Hukuk felsefesi, genel olarak felsefede olduğu gibi, ontoloji, epistemoloji ve aksiyoloji boyutları üzerinden yürütülen bir düşünce faaliyeti olarak kabul edilir. Bu üç boyuttan biri olan aksiyoloji, hukuk felsefesinin en temel sorunlarının tartışıldığı zemindir. Hukuk felsefesinde etik unsuru tartışma alanına açan aksiyoloji, hukuk felsefesinin iki önemli ana akım denilebilecek kolları olan hukuki pozitivizm ve doğal hukuk tartışmalarının da zeminini oluşturur. Burada temel soru şudur: hukuk olarak nitelendirilen şey bir değeri gerçekleştirmekte midir?
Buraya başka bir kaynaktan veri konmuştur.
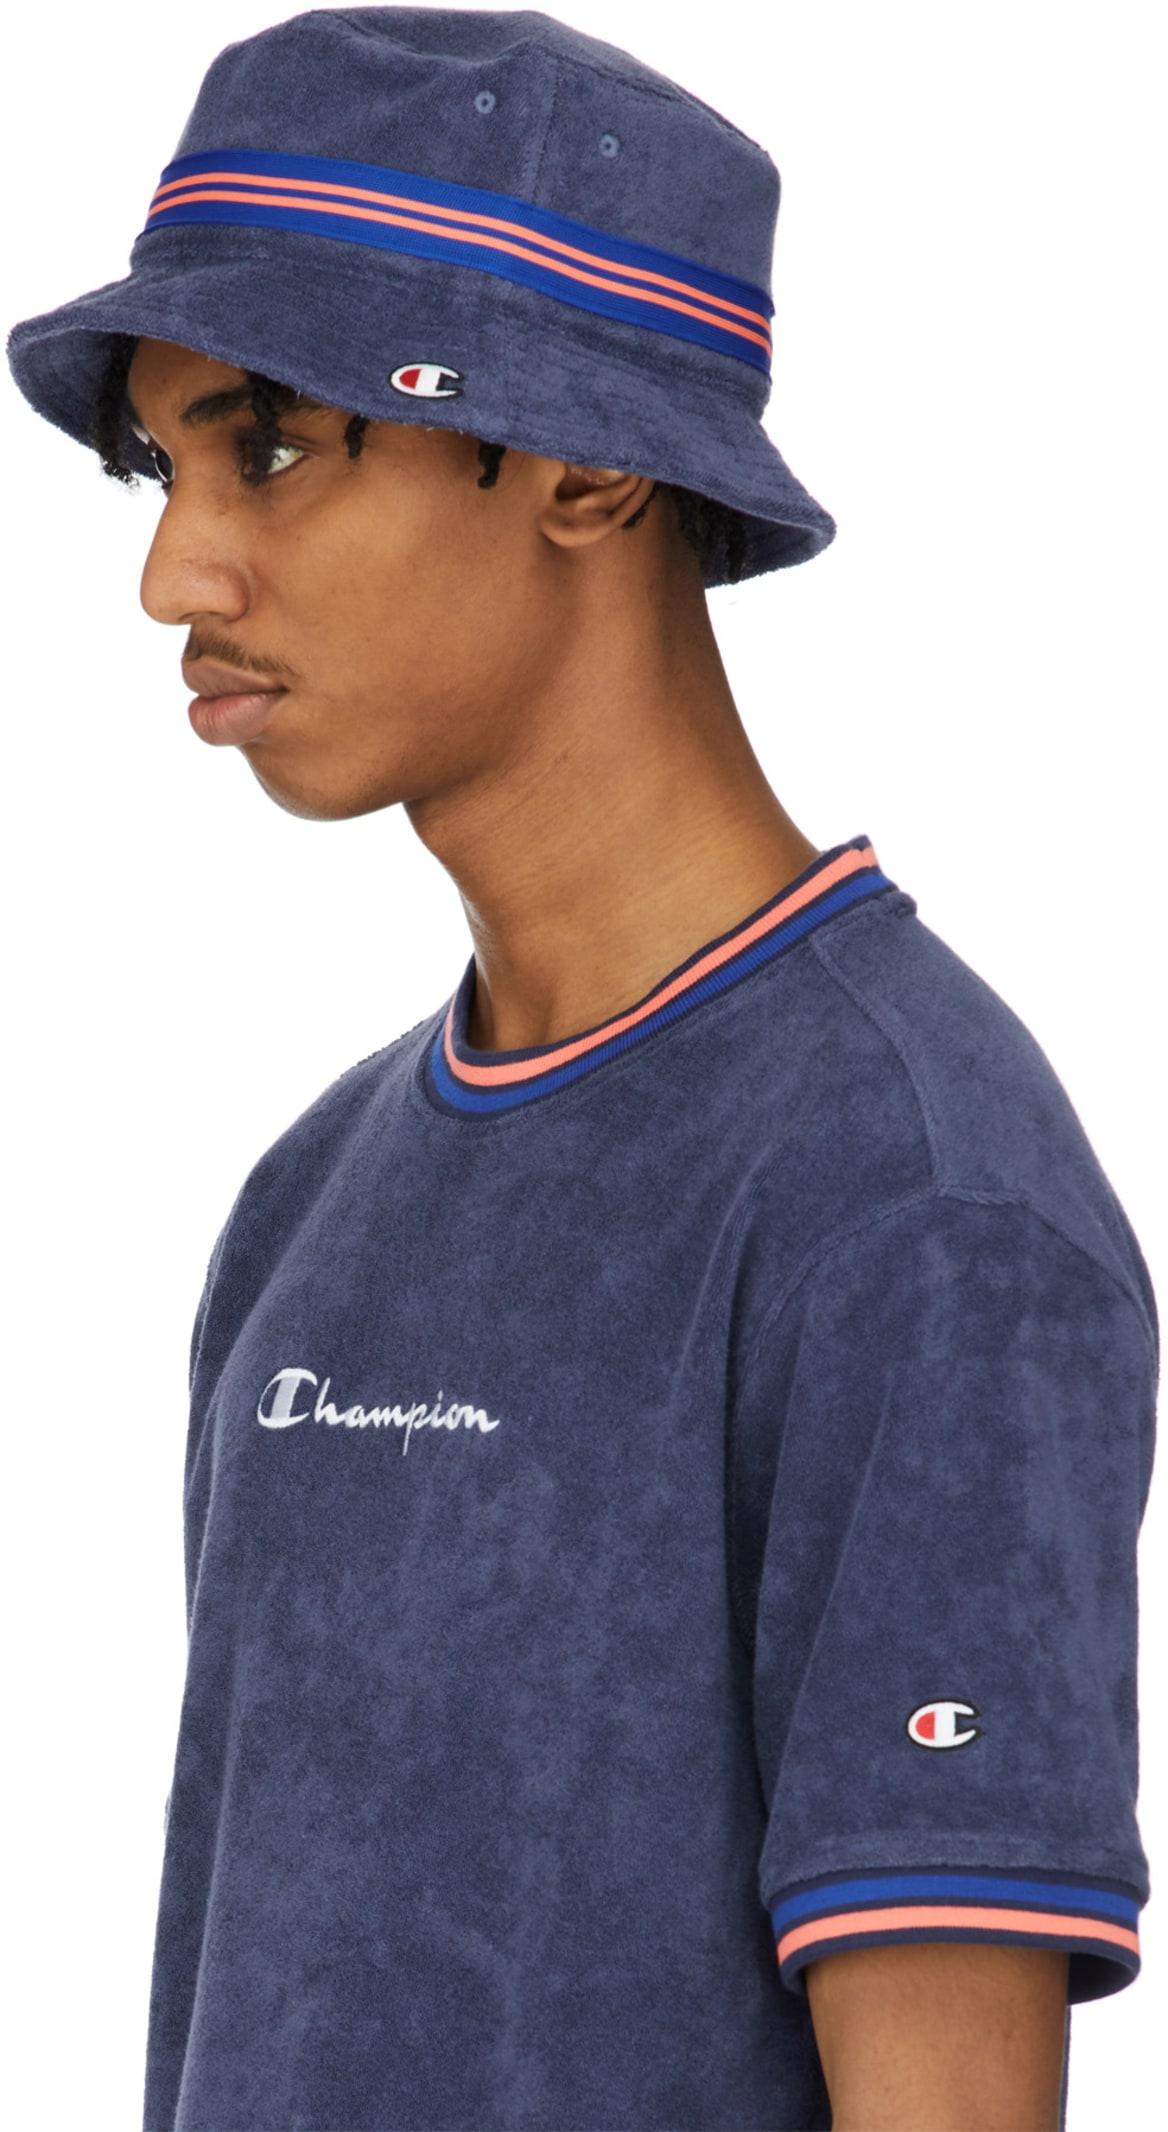 245bf09aeda71f Champion: Terry Cloth Bucket Hat - Imperial Indigo | influenceu

Hukuk ile ahlak arasındaki bağlantının zorunlu olup olmadığı konusu çağdaş hukuk felsefesinin en temel sorularından biridir. Hukuki pozitivizm ile doğal hukuk kuramlarının temel ayrışma noktası da bu alanda düğümlenmektedir. Bu gün artık ne hukukun ahlak ile bağının olmadığını iddia eden bir pozitivist ne de her hukuk kuralının mutlaka ahlaki bir niteliğe sahip olması gerektiğini ileri süren bir doğal hukukçu vardır. Bu gün gelinen noktada tartışma, hukuk ile ahlak arasında bir ilişki olup olmadığı değil, bu ilişkinin ne tür özellikler gösterdiği üzerinden yürütülmektedir. Dahası, hukuk ile ahlakın bırakın iki ayrı alan olmasını, insan yaşamının birbirinden ayrı düşünülemeyecek vazgeçilmez iki düşünme ve eylem alanı olduğu, hemen hemen bütün ciddi hukuk felsefecileri tarafından kabul edilmektedir. Bu çalışmamızda hukuk-ahlak ilişkisini İslam hukuku perspektifinden incelemeye çalışacağız.
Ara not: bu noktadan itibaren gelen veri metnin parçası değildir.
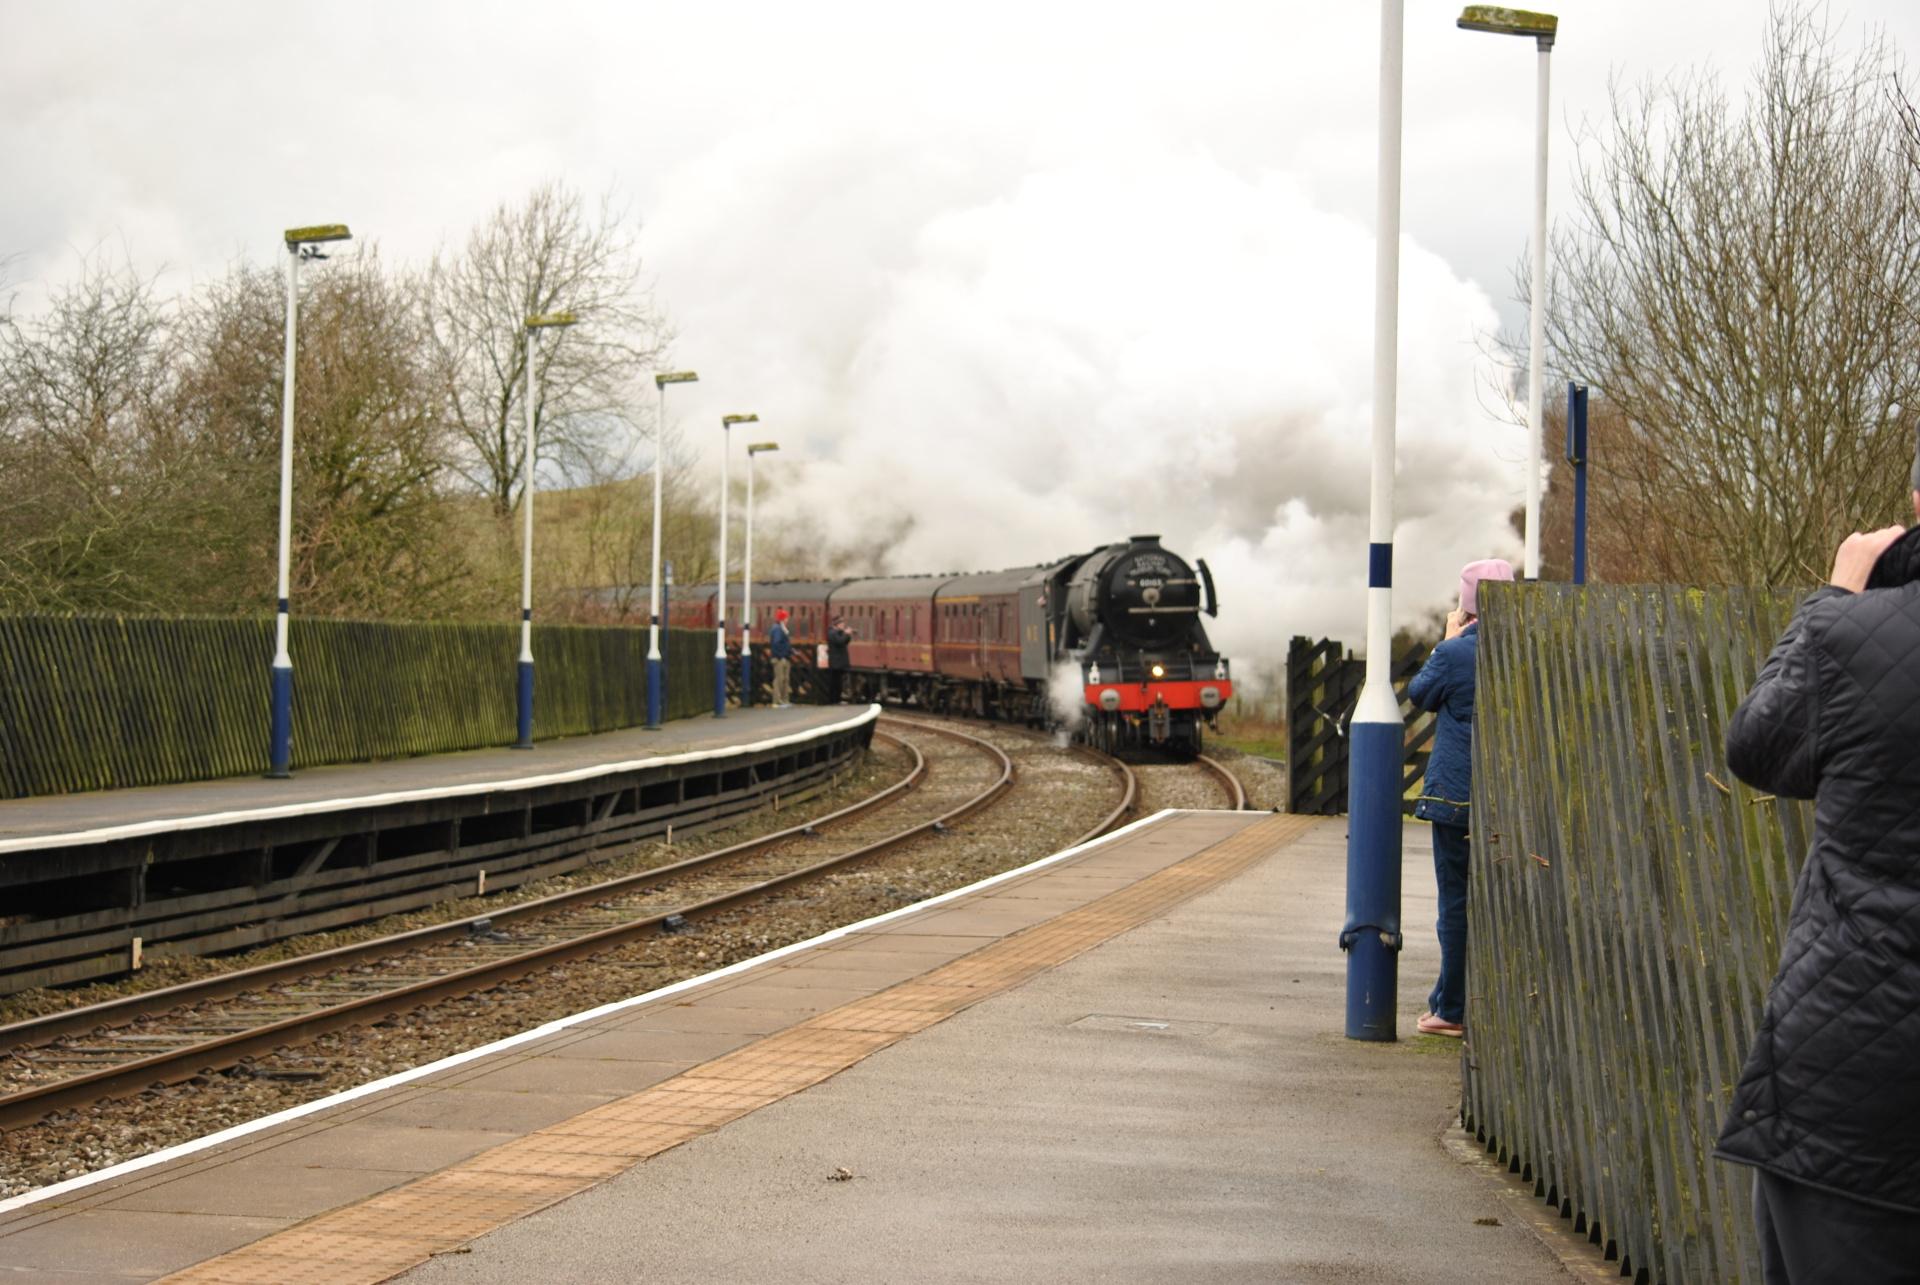 Flying Scotsman, train, steam train, engine

Hukuk ve ahlak felsefesinin en gerilimli alanı olan hukuk-ahlak ilişkisine dair yazdıklarımın hatalardan salim olduğunu iddia etmek mümkün değildir. Görüş, öneri ve eleştirileri ile katkı sağlayacak okuyuculara şimdiden teşekkür ederim. Bu eserin basım aşamasında her türlü desteği veren Dr. Cihan Kılıç'a teşekkürü bir borç bilirim.